Non lasciatevi spaventare dal termine “saga”: è certo la storia di una famiglia ma i personaggi sono chiarissimi e non creano confusione.

D’altronde non vi consiglierei mai un romanzo con troppi personaggi e rapporti di parentela complicati (fatico a riconoscere i miei, di parenti, figurarsi quelli di una saga).

L’autrice, ancora una volta, non delude: gli approfondimenti storici e i suoi studi danno vita ad un romanzo ben strutturato e scorrevole.

“Una storia privata” è ambientato a Milano in due periodi temporali diversi: da un lato la Milano degli anni trenta e della seconda guerra mondiale, dall’altro la Milano contemporanea.

Carla Maria Russo delinea talmente bene entrambi i periodi storici che la sensazione che ne ha il lettore è quella di sentirsi parte del romanzo in maniera quasi attiva.

Al di là della trama del romanzo, sulla quale torno poco più avanti, ciò che emerge sono le due facce di Milano a distanza di settant’anni: diversissime tra loro, eppure accomunate da una vitalità e di una voglia di andare avanti e di uscire dalle difficoltà, caratteristiche di cui la città meneghina non si discosta mai.

Milano, 2008.

Emanuele Morando, figlio di un noto e spregiudicato costruttore edile di Milano, Pietro Morando, è l’unico dei suoi figli a non aver seguito le orme di famiglia e, pur amando il padre e somigliandogli fisicamente, ha ideali lontanissimi dai suoi e dal suo stile di vita.

Per un caso del tutto fortuito assiste ad una scena che lo turba: vede il padre passeggiare per il centro di Milano con una giovane e bellissima donna che lo abbraccia affettuosamente.

Qualche ora dopo Pietro Morando viene colpito da infarto e muore.

Così come in vita Pietro Morando aveva pianificato tutto nei minimi dettagli, così aveva provveduto anche nelle disposizioni testamentarie che, affidate al Notaio di fiducia, sembrano essere impeccabili.

Eppure, anche pianificando tutto nei minimi dettagli, l’imponderabile non è pianificabile.

Ancora una volta Emanuele Morando si trova a fare i conti con una realtà che non avrebbe voluto conoscere: un notaio diverso da quello incaricato da Pietro Morando insiste per parlare con la sua vedova, ma sarà Emanuele a dover risolvere la questione ed entrare nel passato di suo padre.

Un passato che suo padre non ha mai voluto far conoscere alla sua famiglia: una storia privata.

Milano, 1935.

Pietro Morando, ragazzino di una casa di ringhiera di Milano, vive con turbamento la crisi coniugale dei genitori.

Deluso dalla propria famiglia naturale, si sente più figlio dei Ronchi, i vicini di casa, persone appassionate; una famiglia unita con alti valori, comunista e con grandi ideali. Conosce il senso dell’amicizia più vera e l’affetto che a lui pare mancato.

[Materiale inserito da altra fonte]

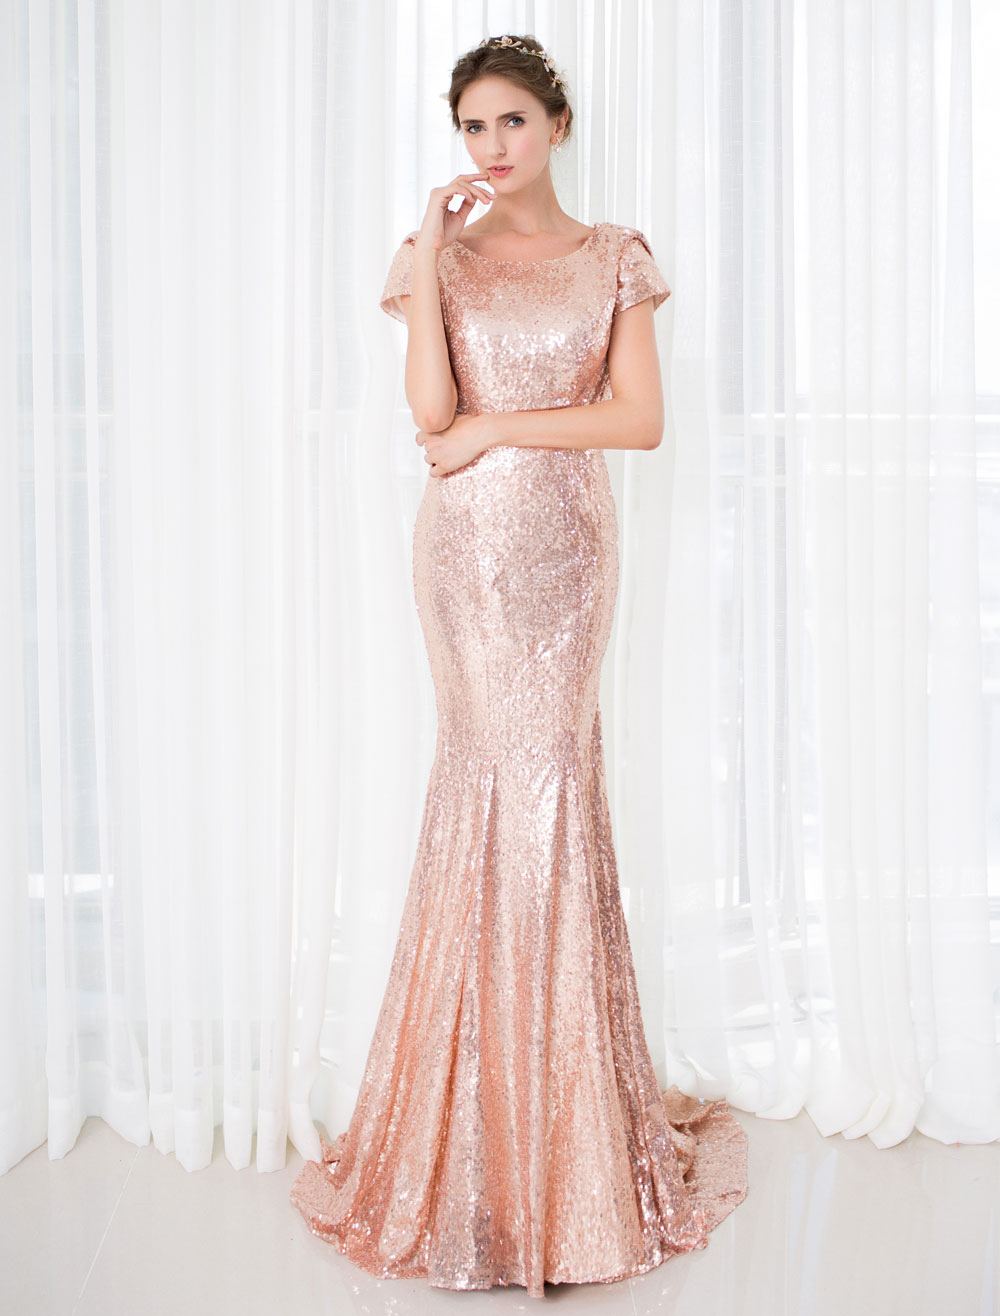 b7cdadf9b6911 Rose Gold Prom Dresses 2019 Long Nude Mermaid Backless Evening Dress Sequin  Court Train Short Sleeve Red Carpet Dress wedding guest dress - Milanoo.com

Il padre di Pietro, di tutt’altra pasta e di valori e ideali ben diversi, non approva l’amicizia che lega suo figlio ai Ronchi, né approva gli ideali di quella famiglia.

L’abbandono della madre della casa famigliare, porterà Pietro, ragazzino sensibile, a promettere a sé stesso che mai più proverà amore e pena per qualcun’altro che non sia sé stesso, e a farlo diventare l’imprenditore spregiudicato che in futuro diventerà.

La sua sarà una vita di tradimenti, anche nei confronti di quella famiglia che lo aveva accolto come un figlio.

Arriveranno le squadre fasciste, la guerra, la fuga, il ritorno: in una Milano che cambia continuamente.

I protagonisti del romanzo sono due uomini: così profondamente diversi tra loro eppure così legati.

Le donne del romanzo, molte, diversissime tra loro per carattere ed estrazione sociale trovano posto nel romanzo in maniera naturale ed azzeccata.

E tra le donne del romanzo un ruolo fondamentale lo svolge Brigida. Una donna molto anziana che Emanuele non conosce né ha mai visto prima: si era presentata alla camera ardente del padre e il suo abbigliamento dimesso e umile aveva destato la sua attenzione.

Brigida consente ad Emanuele di rimettere insieme i pezzi di quella storia privata che suo padre aveva celato.

Ma non solo: Emanuele, così diverso dai suoi genitori e dai suoi fratelli, scoprirà davvero a chi somiglia.

La mela non cade mai troppo lontana dall’albero.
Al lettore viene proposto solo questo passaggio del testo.